Line by line, the data below should be set down unchanged, with images excluded.

**Supplied information**
=====
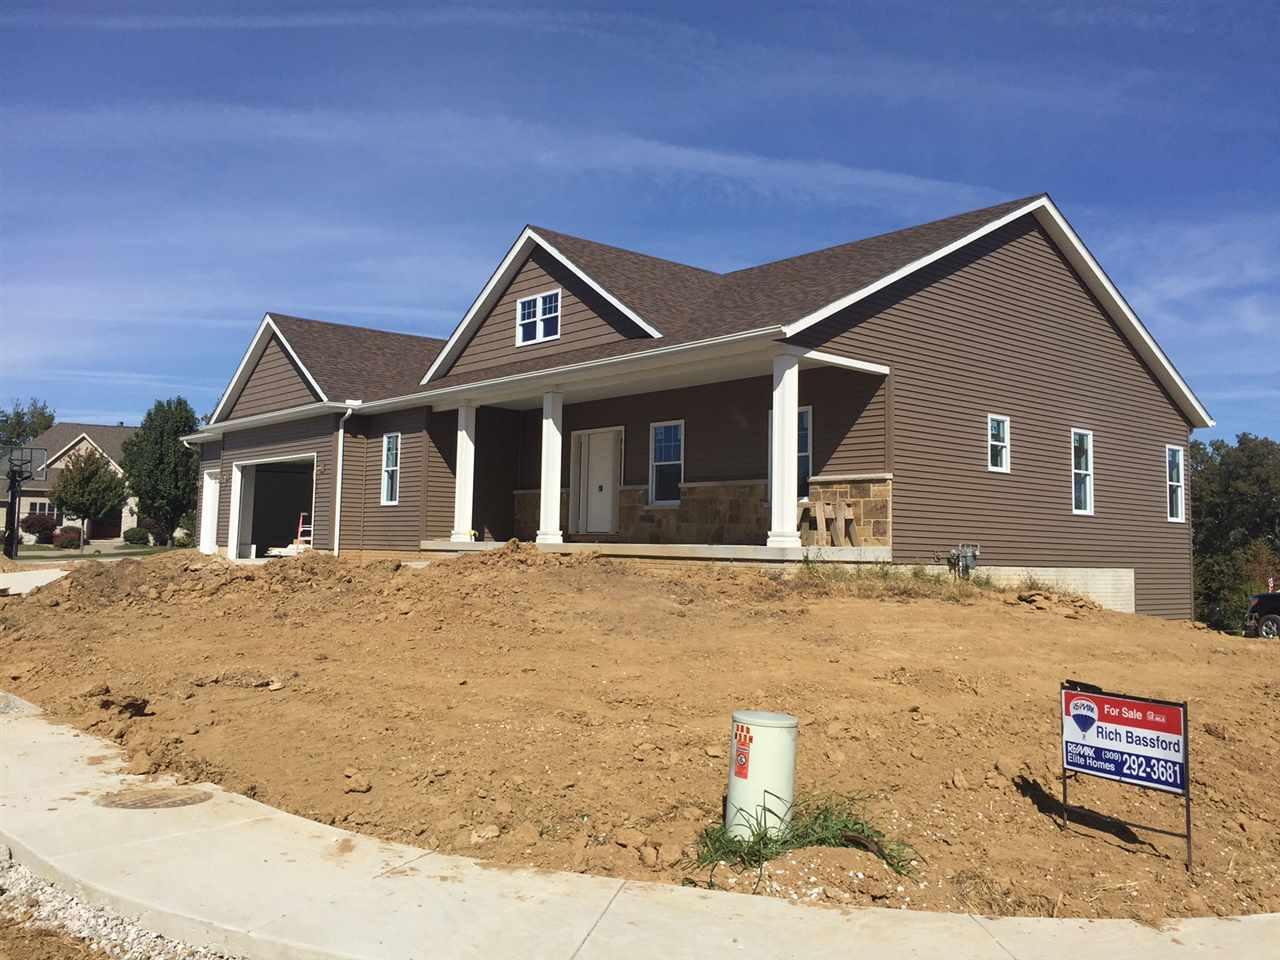 Real Estate for Sale, ListingId: 35503112, Coal Valley,IL61240
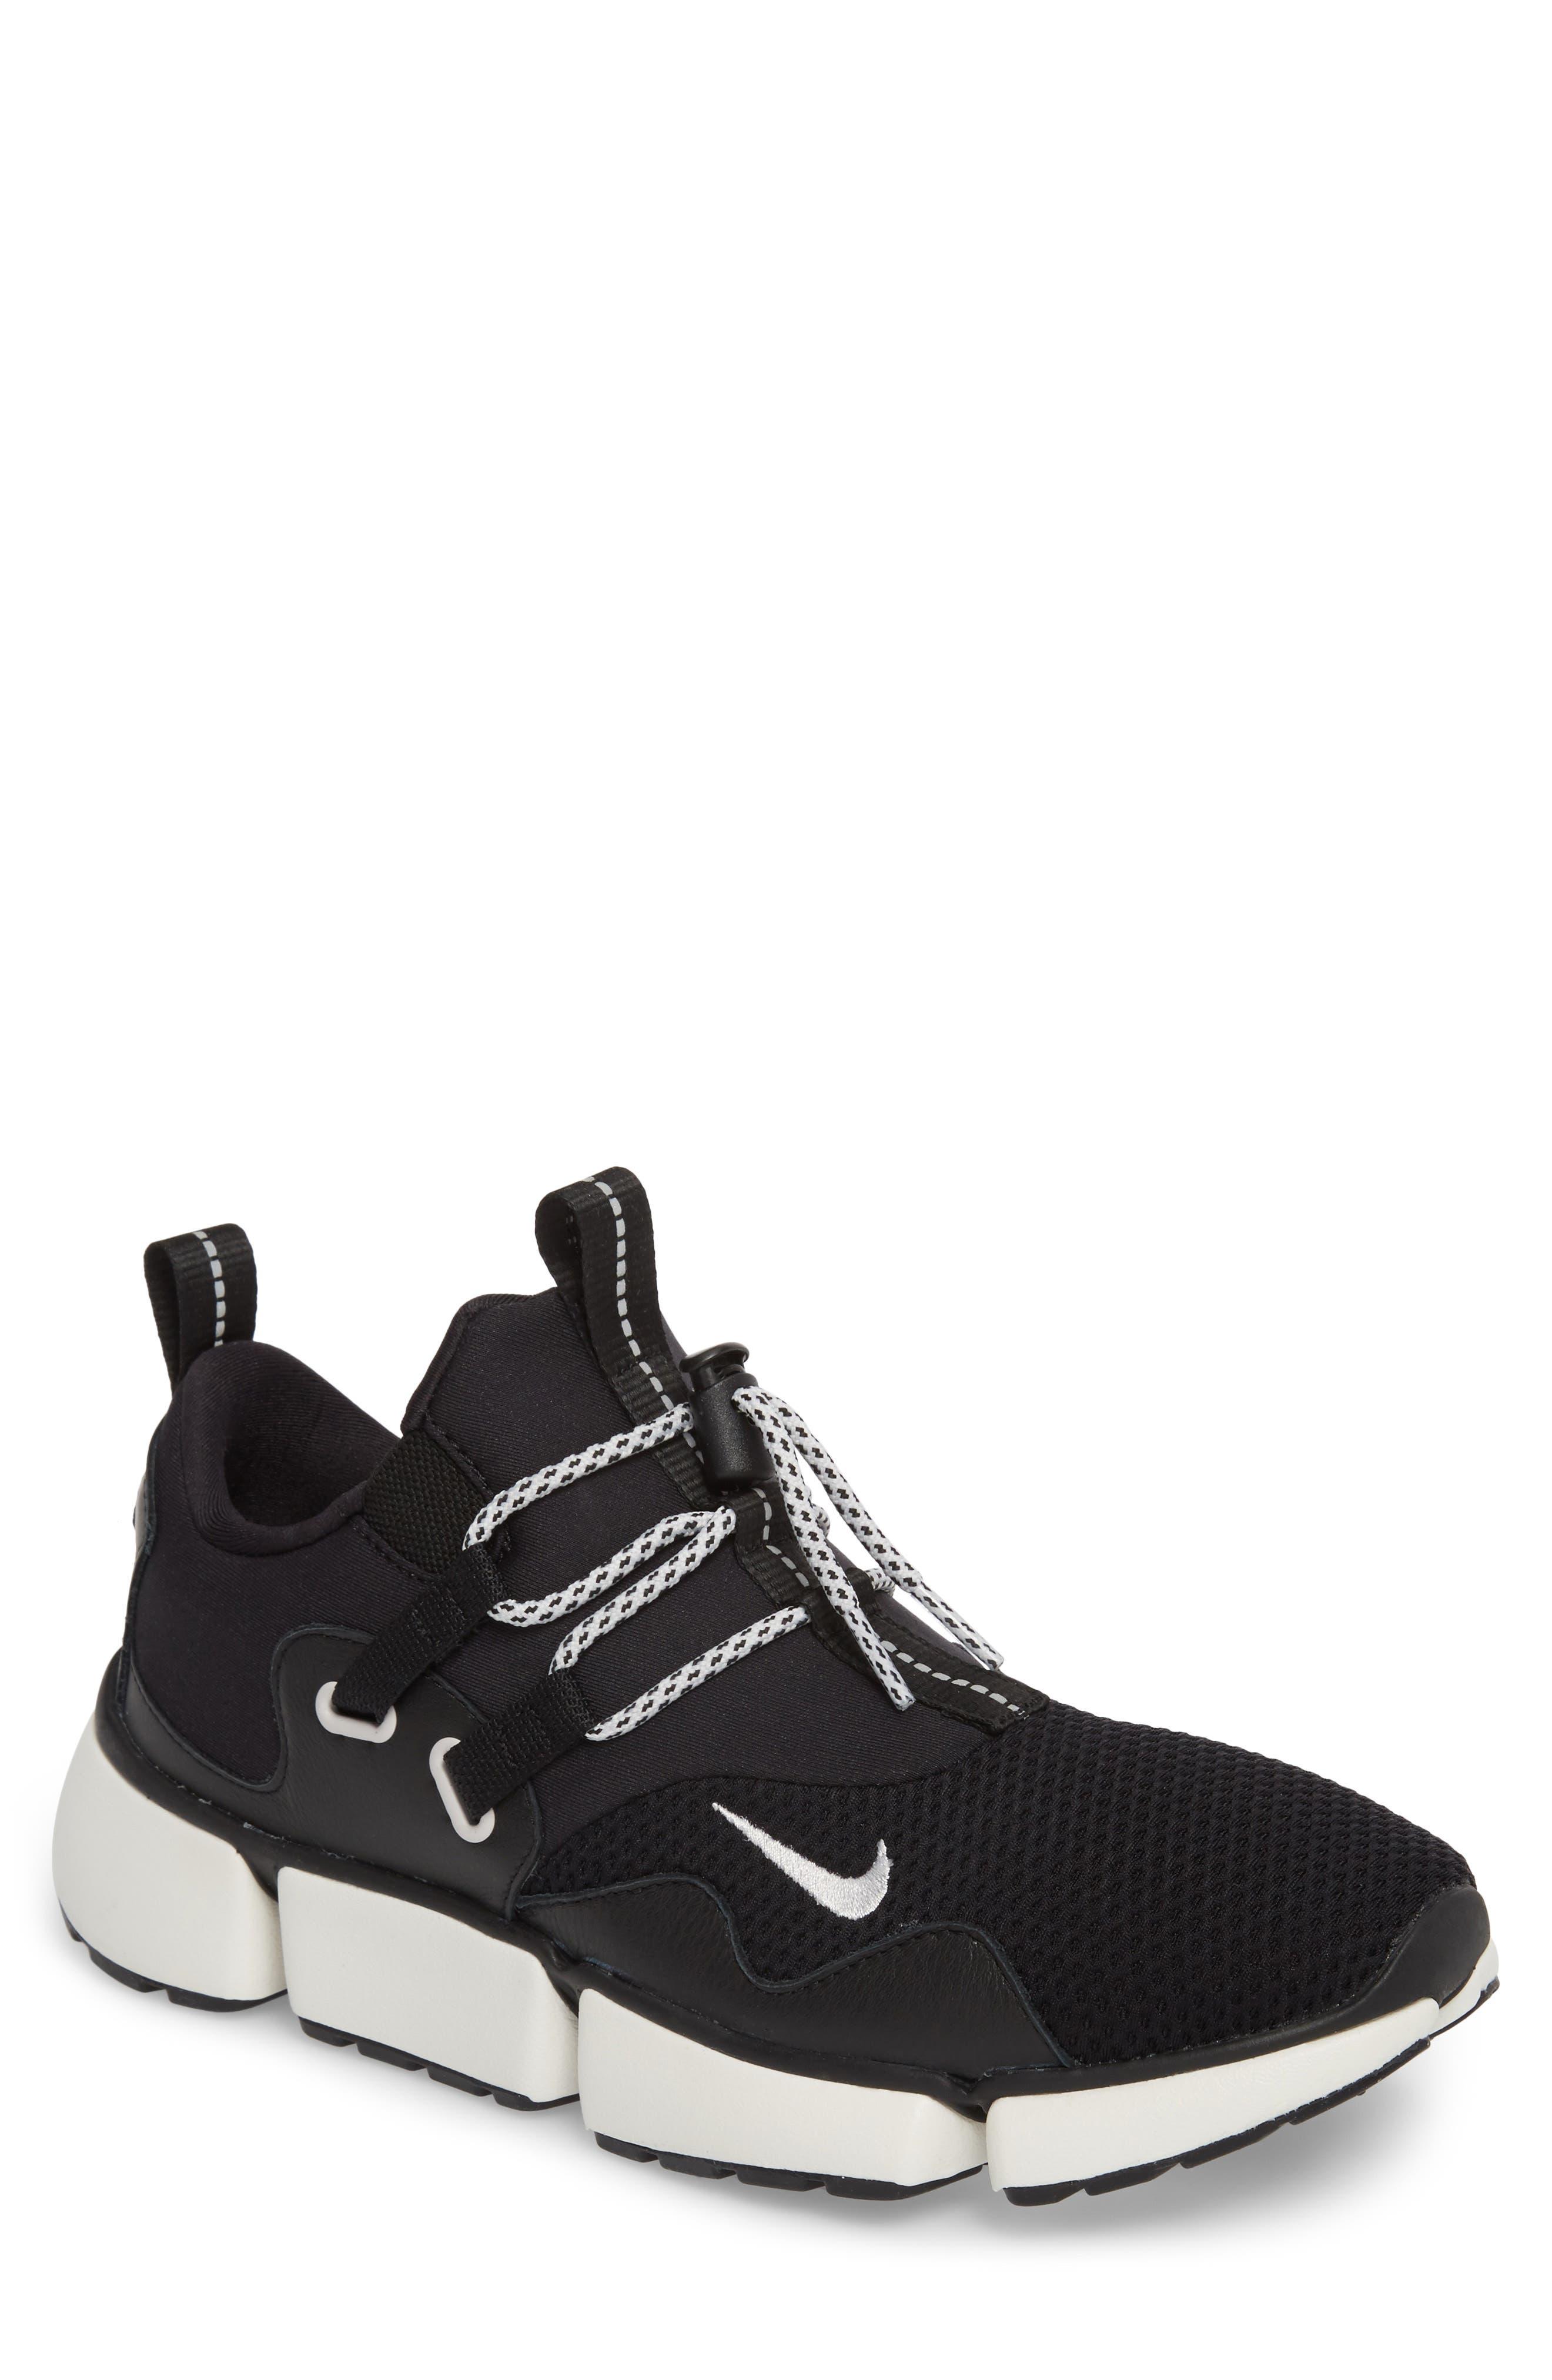 Pocket Knife DM Sneaker,                             Main thumbnail 1, color,                             Black/ Vast Grey/ Sail
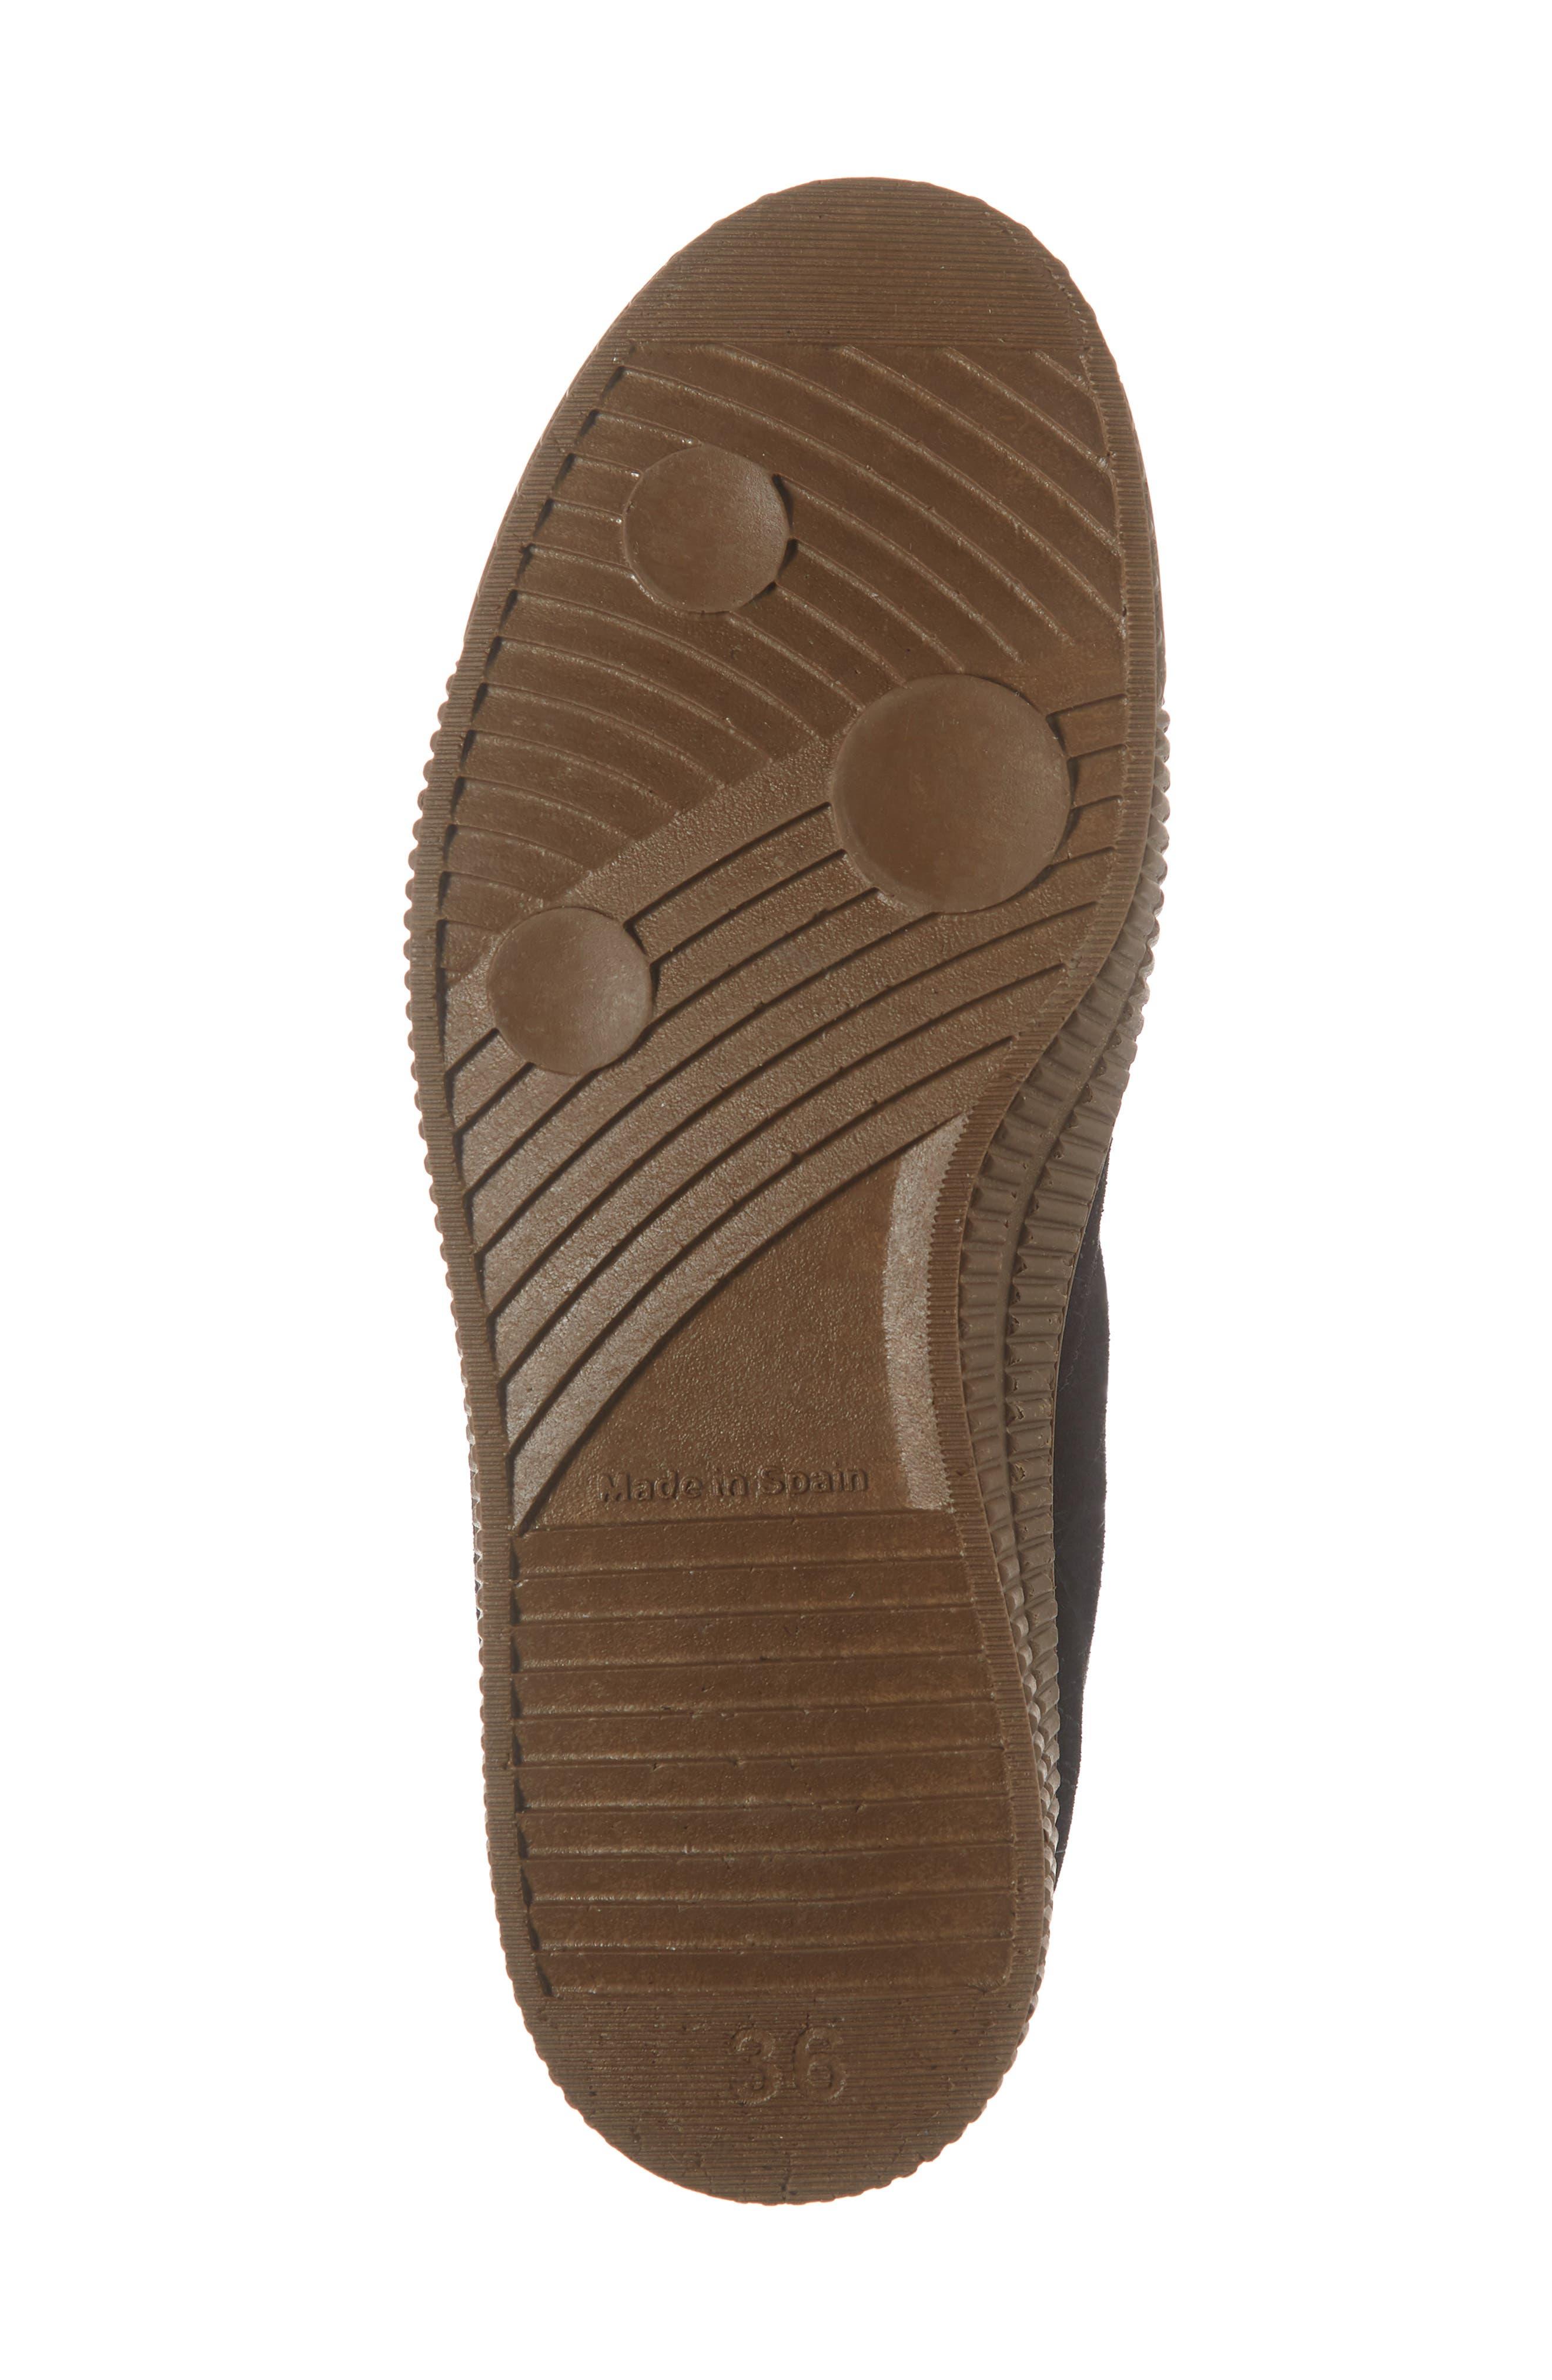 Femp High Top Sneaker,                             Alternate thumbnail 6, color,                             BLACK/ CAMEL SUEDE
=====
**Exercise result**
 Real Estate for Sale, ListingId: 35503112, Coal Valley,IL61240
 Pocket Knife DM Sneaker,                             Main thumbnail 1, color,                             Black/ Vast Grey/ Sail
 Femp High Top Sneaker,                             Alternate thumbnail 6, color,                             BLACK/ CAMEL SUEDE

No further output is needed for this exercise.